BRIEF: As you work through the listing below, copy each line exactly and drop the images.

THE DATA:
☆ ☆ ☆ ☆ ☆

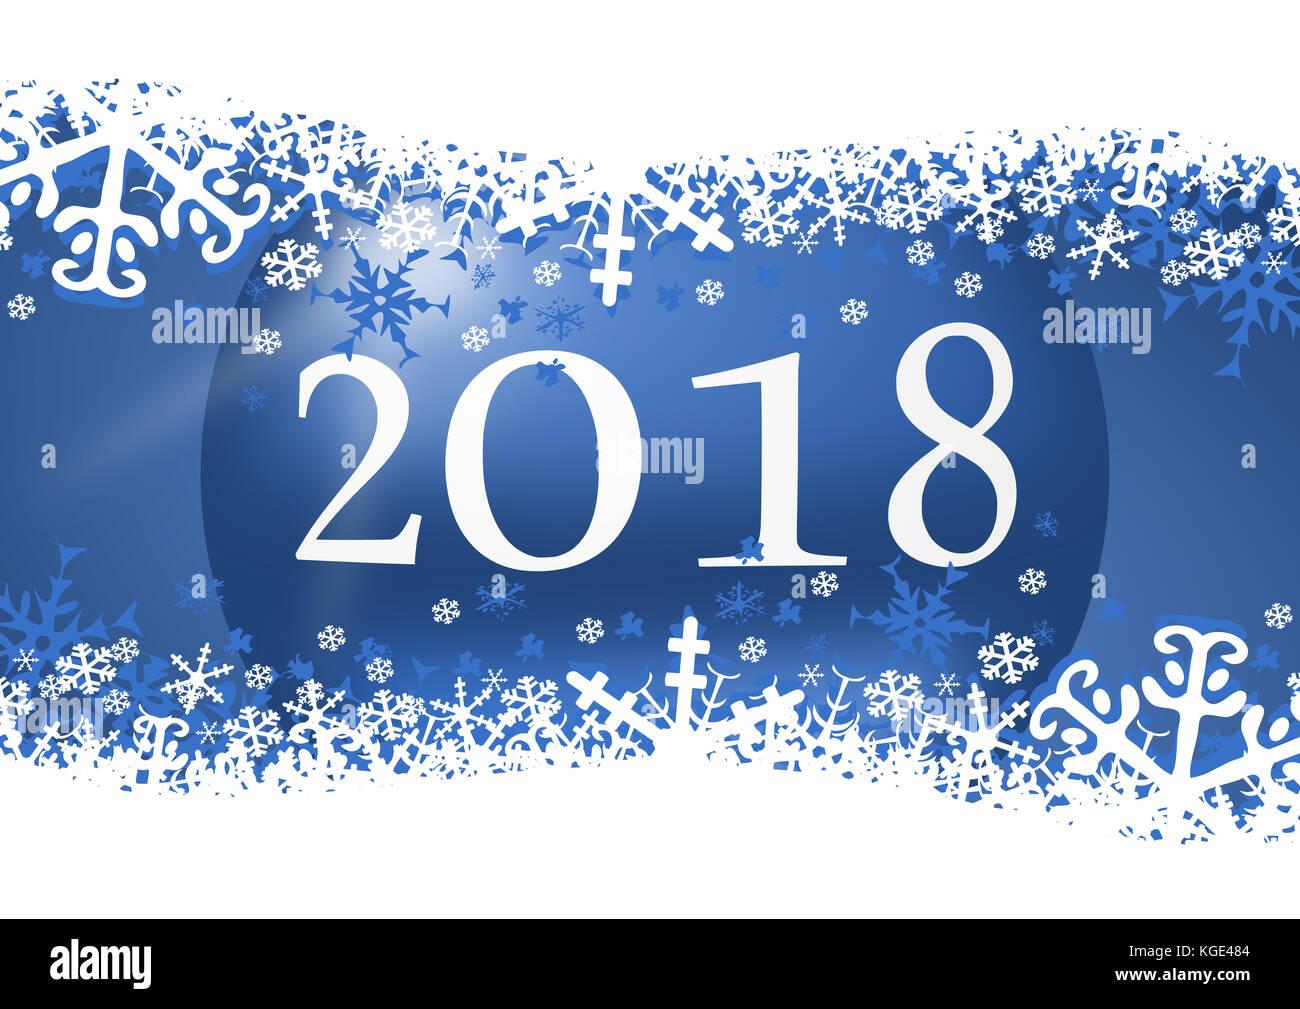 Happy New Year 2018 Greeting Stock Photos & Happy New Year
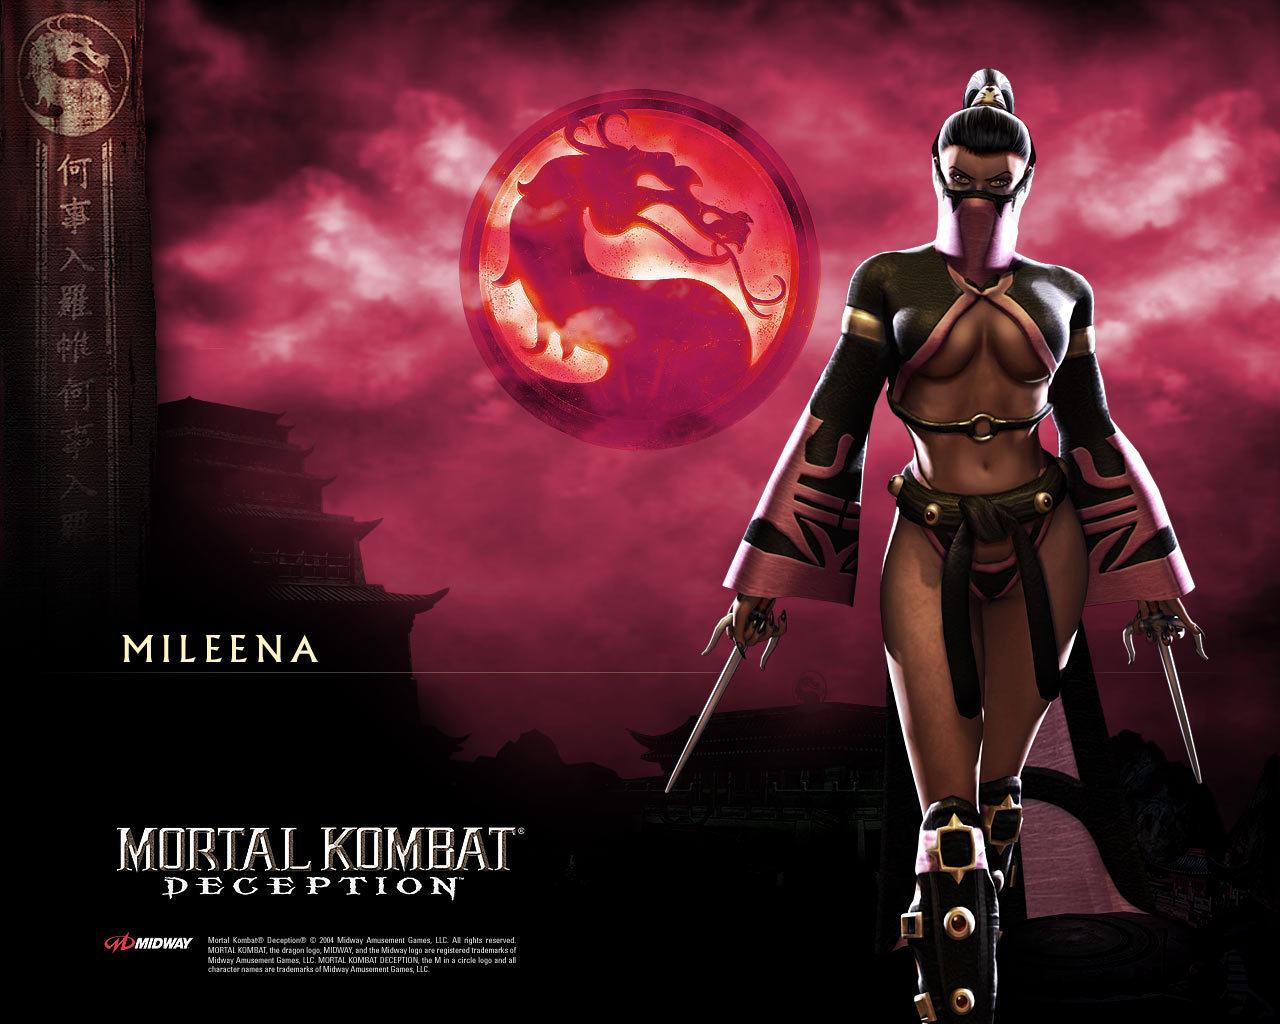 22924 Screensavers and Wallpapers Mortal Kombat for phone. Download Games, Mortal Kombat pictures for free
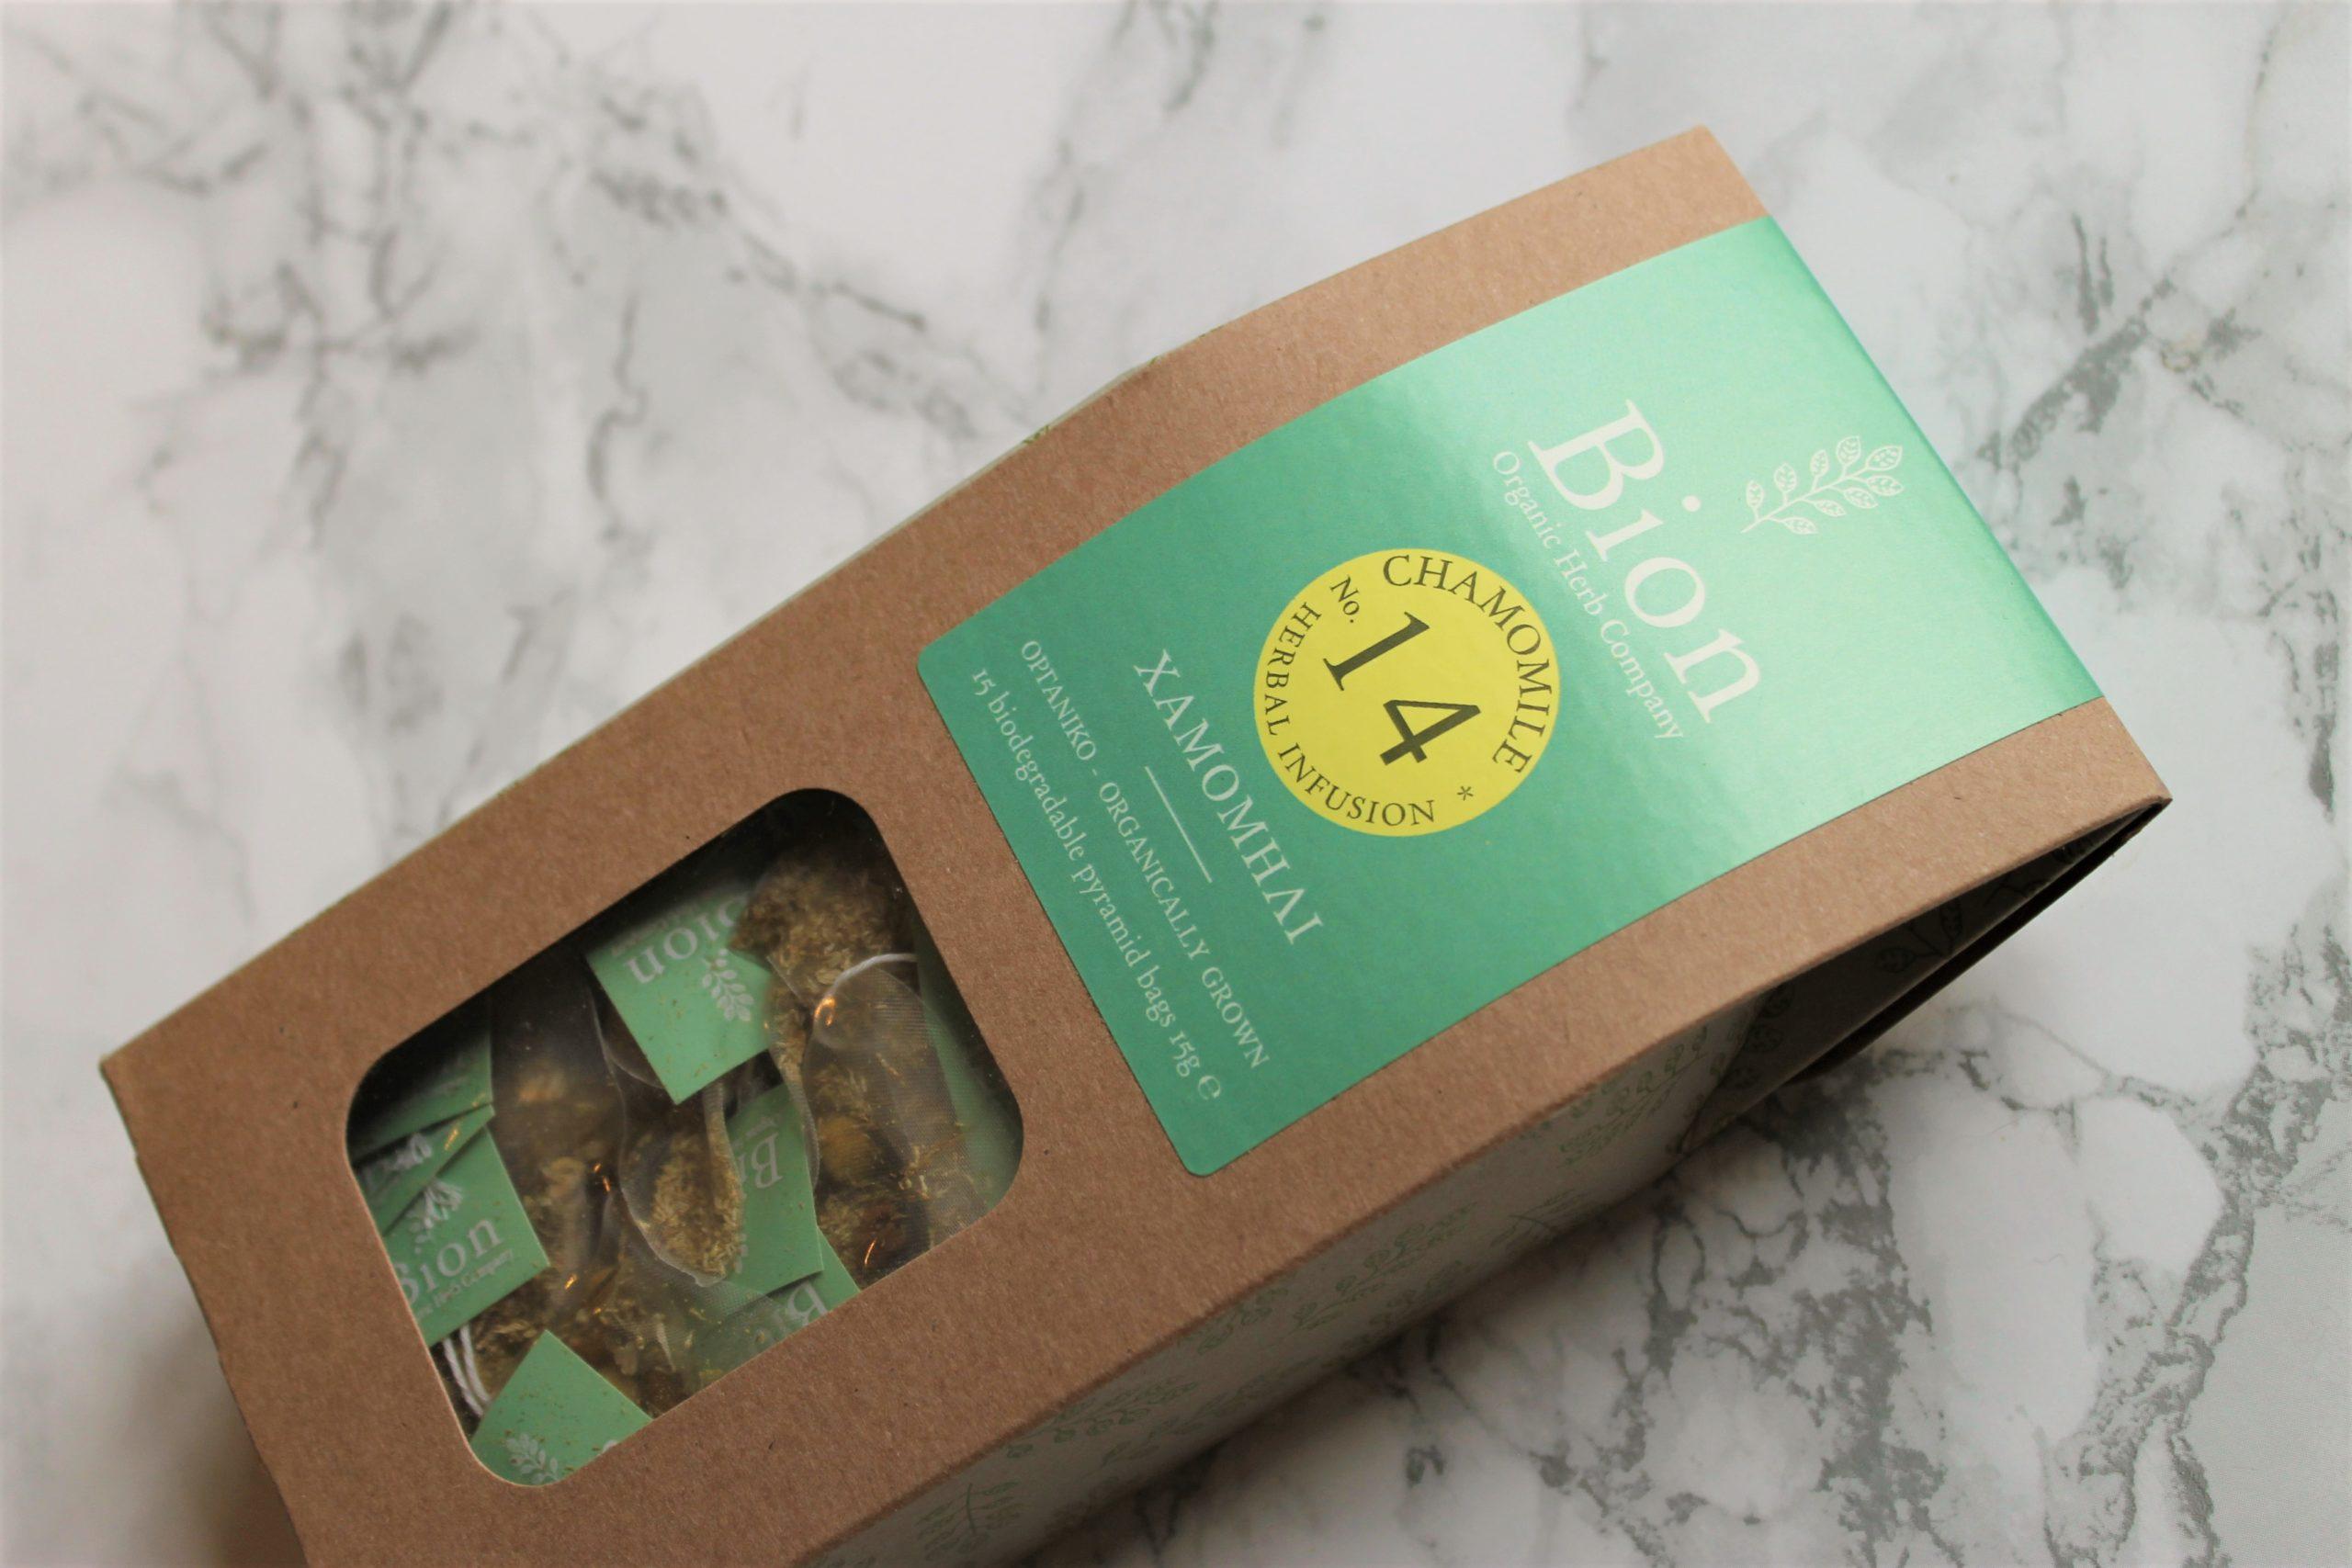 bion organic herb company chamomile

☆ ☆ ☆ ☆ ☆

EXPECTED ANSWER:
 Happy New Year 2018 Greeting Stock Photos & Happy New Year
 22924 Screensavers and Wallpapers Mortal Kombat for phone. Download Games, Mortal Kombat pictures for free
 bion organic herb company chamomile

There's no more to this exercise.